ABOOK July 2016 Repo Dealer Holdings

In every major systemic episode since 2007, dealers shift to more positive net UST holdings. The net negative positions from before August 9, 2007, were not related to dealer expectations for interest rates, but instead meant that primary dealer banks were comfortable with their own funding positions to lend out their inventory of UST’s, MBS, or agencies in robust collateral trade markets (leading to factional lending of collateral in rehypothecation; again, “moneylike” behavior). The net positive reports that we see especially since July 2015 correspond with global “dollar” illiquidity, or what has become known as waves of “global turmoil.”
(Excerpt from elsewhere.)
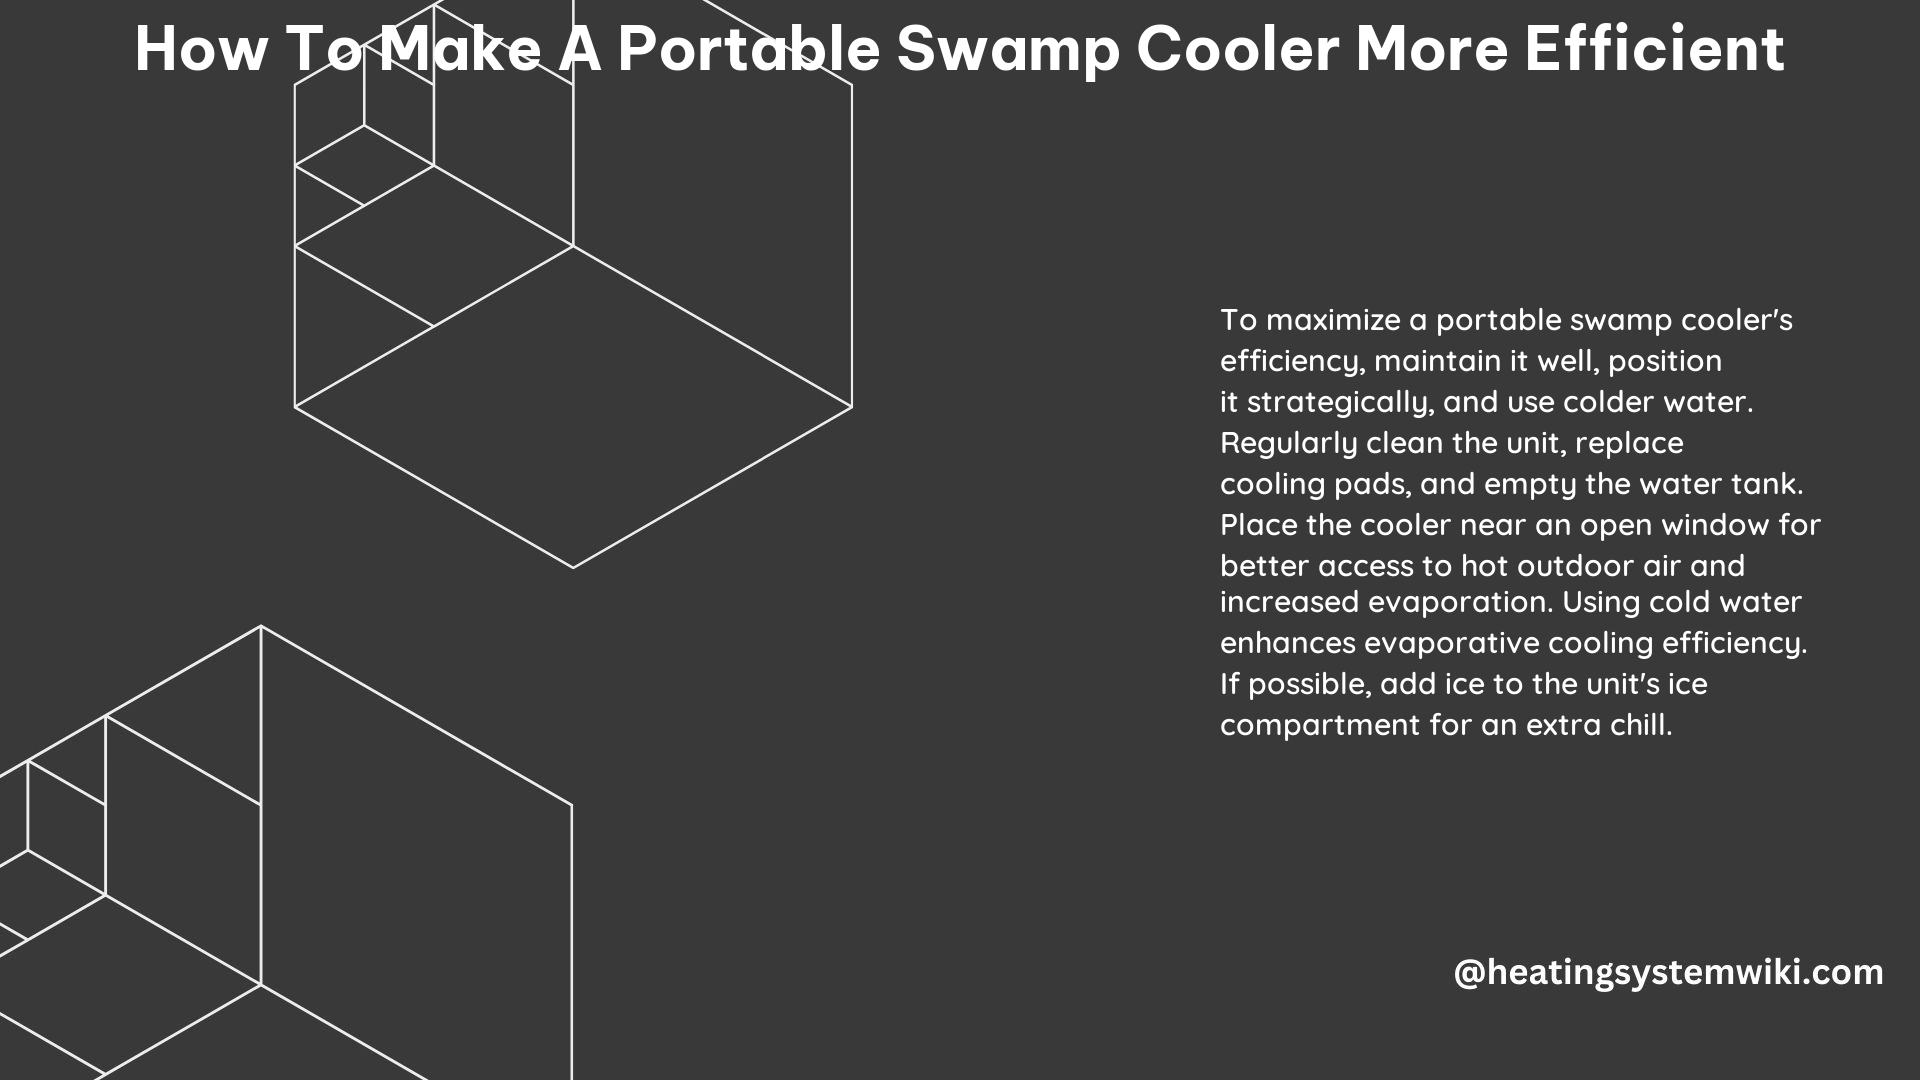 How to Make a Portable Swamp Cooler More Efficient

Since the “rising dollar” isn’t always rising in some dollar index or against all currencies, the repo market gives it a visible face. In terms of dealer hoarding of collateral, not only is the level increasing in coupons, it is even sharper and more intense if we add bills.
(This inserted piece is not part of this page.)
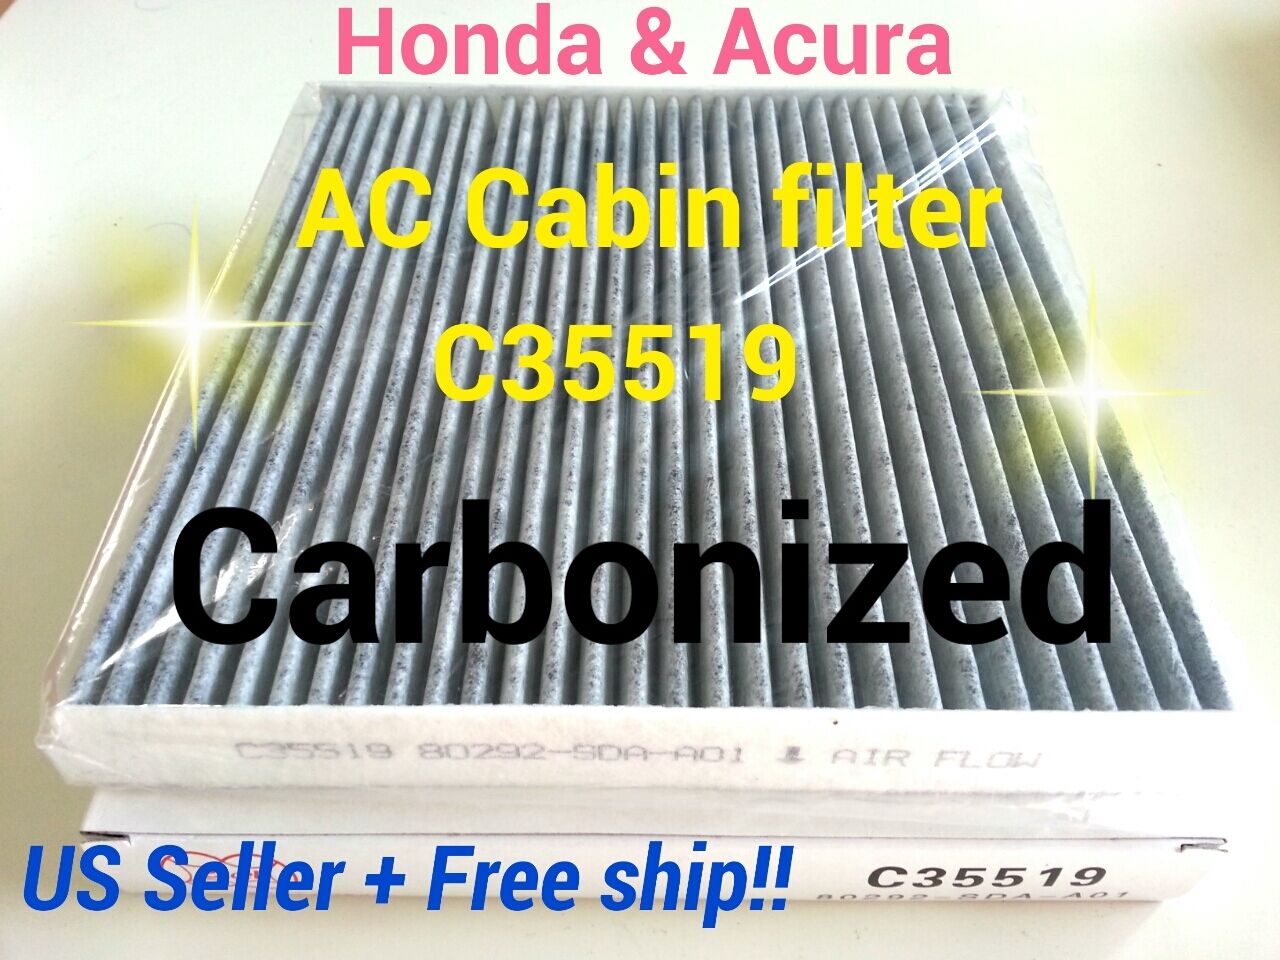 CARBONIZED C35519 For HONDA ACURA CABIN AIR FILTER Accord Civic CRV Odyssey...

ABOOK July 2016 Repo Dealer Holdings plus Bills

This most recent jump in the overall net “long” of dealer inventory began the week of June 8 – a date we know very well in the one place that is at risk of capturing global asset market attention more than anywhere else.

ABOOK OilDollar WTI Curve 2016 ABOOK July 2016 More Oil WTI CNY

We also find that repo fails are also still elevated as they have been in steady fashion dating back to last August (and the very week when the PBOC broke and was forced to let CNY follow the “dollar”) and then surging still higher in the past few weeks from that point. Total reported fails (both “to receive” and “to deliver”) had been somewhat subdued relative to what had become “normal” over this past year at $170 billion in mid-June, now spiking to $268 billion and $243 billion the past two weeks (the week of July 13, the latest weekly figures).
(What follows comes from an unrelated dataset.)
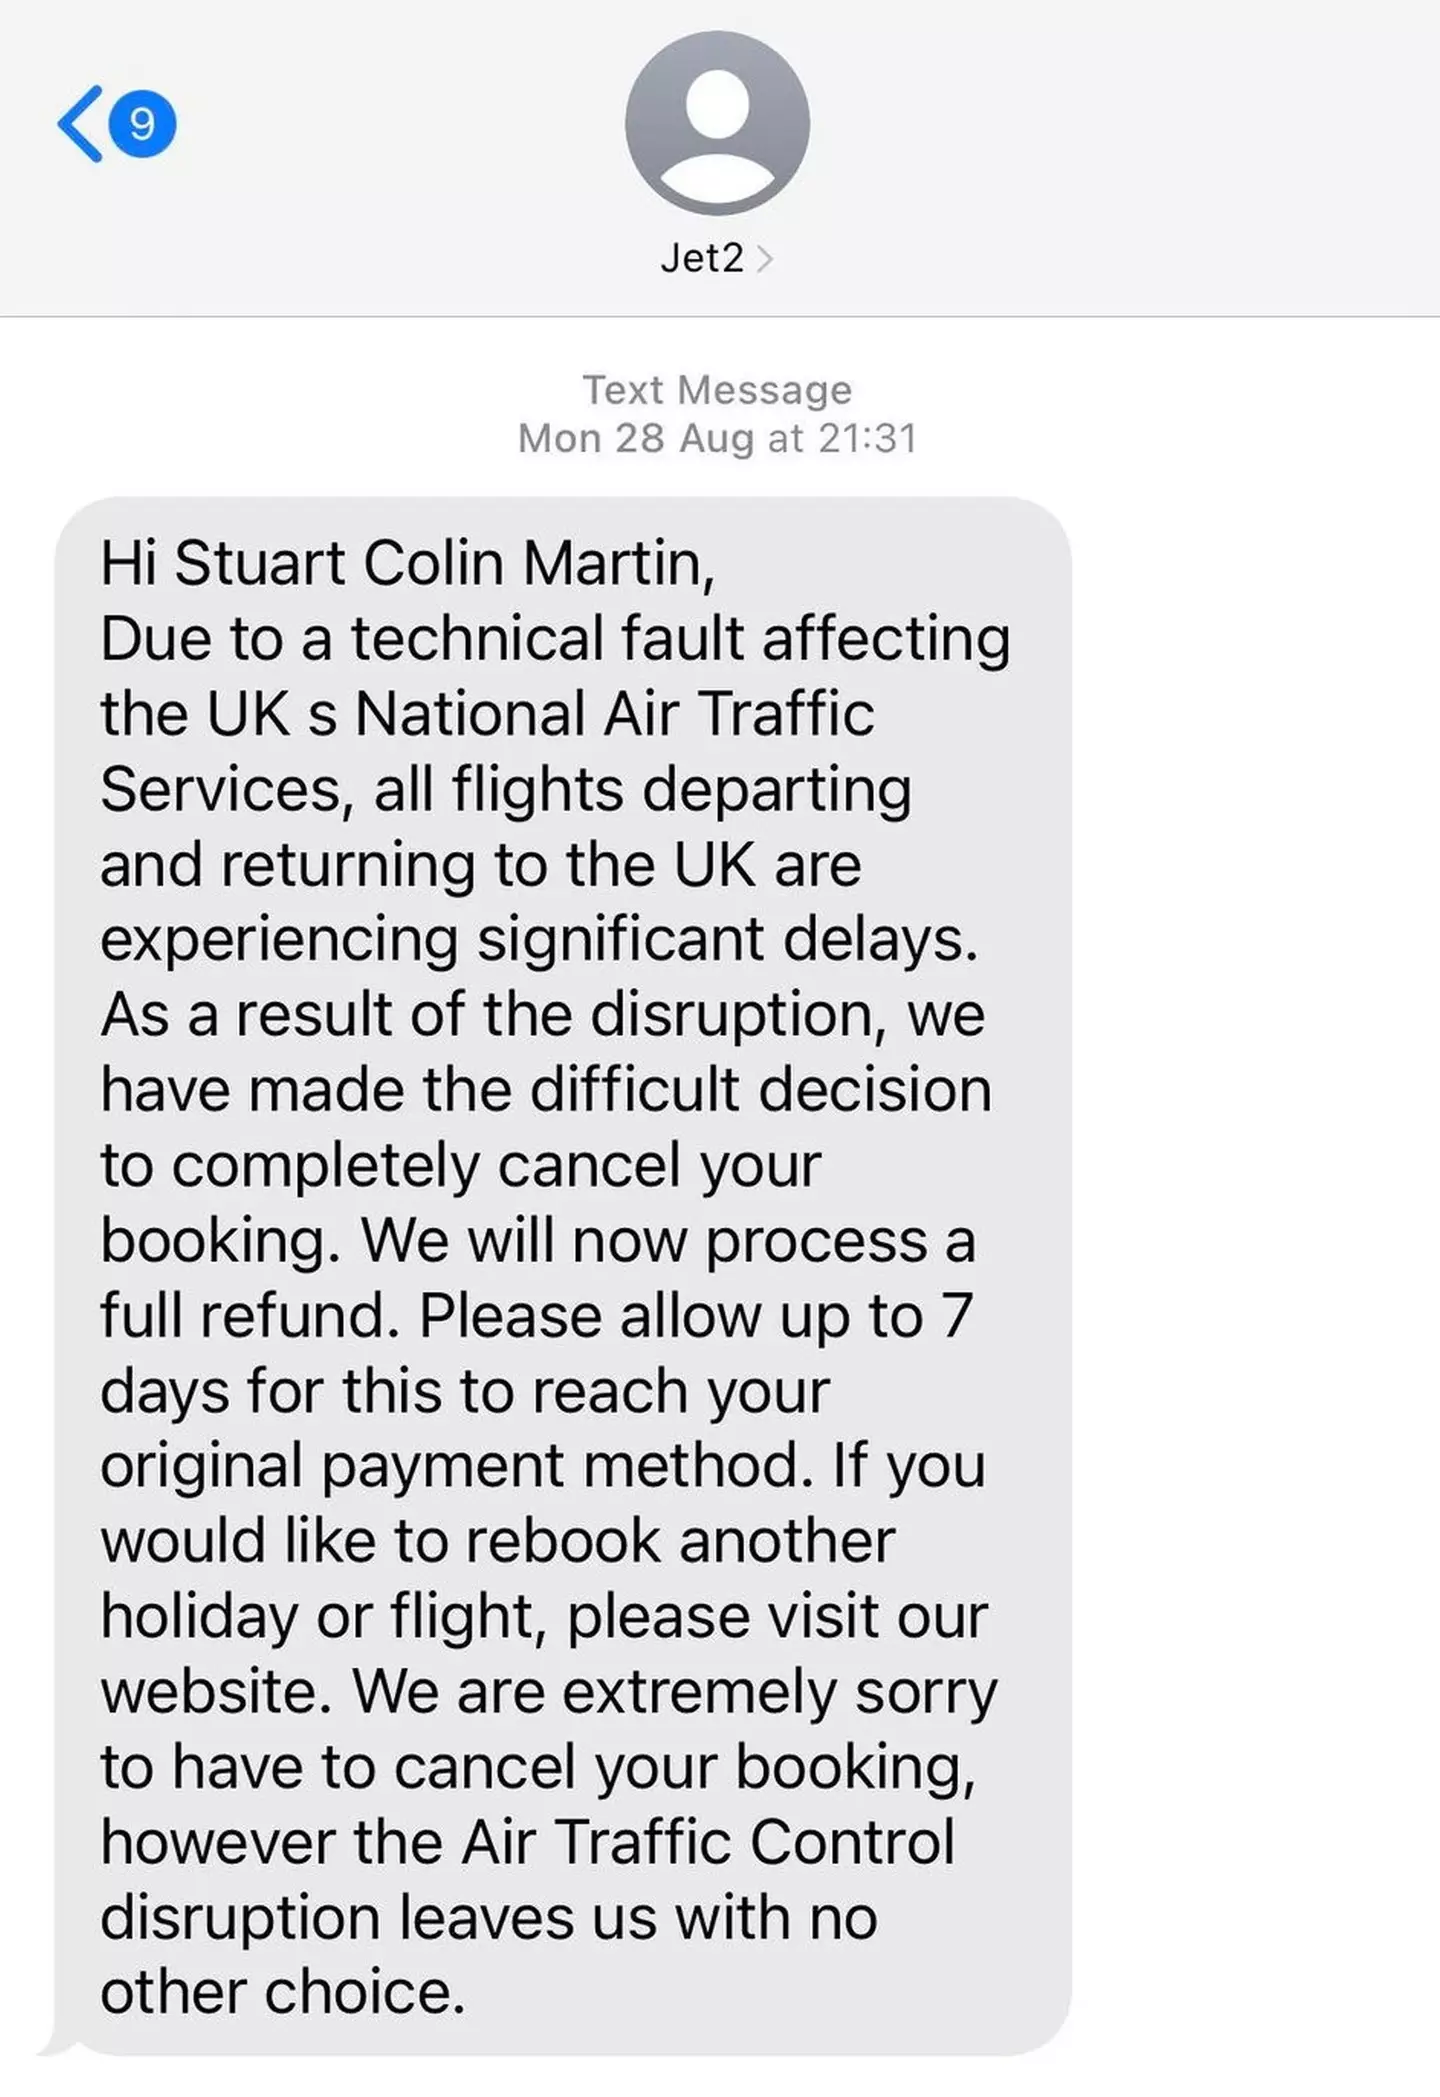 Jet2 has since apologised to the disappointed couple.

ABOOK July 2016 Repo Fails 8w

Altogether, this broad survey of the repo market leads toward two very important interpretations. The first is that where the government and policymakers wrote off October 15, 2014, it was actually the official start of the “rising dollar” period that led directly to the “global turmoil” that shocked and surprised them. It’s easier, perhaps, to suggest that the report itself was intentionally obtuse as a means of trying to enforce calm and impose control, but there is every reason to suspect that economists and policymakers are just so ideologically committed they act so senselessly. They are so blinded by being faithful to orthodox economics, there is a more than reasonable chance they actually believe what was written in that report (which may actually be a worse monetary sin because they have been presented with a mountain of evidence to change their views and still they refuse).

And so the “rising dollar” that became really the systemic baseline that day is, by virtue of the updated repo statistics, clearly still with us and working again toward another bout of “unexpected” recurrences. That is the other major clarification of repo rates, collateral hoarding, and fails (an indirect signal of collateral issues beyond dealers). The implications are more than financial.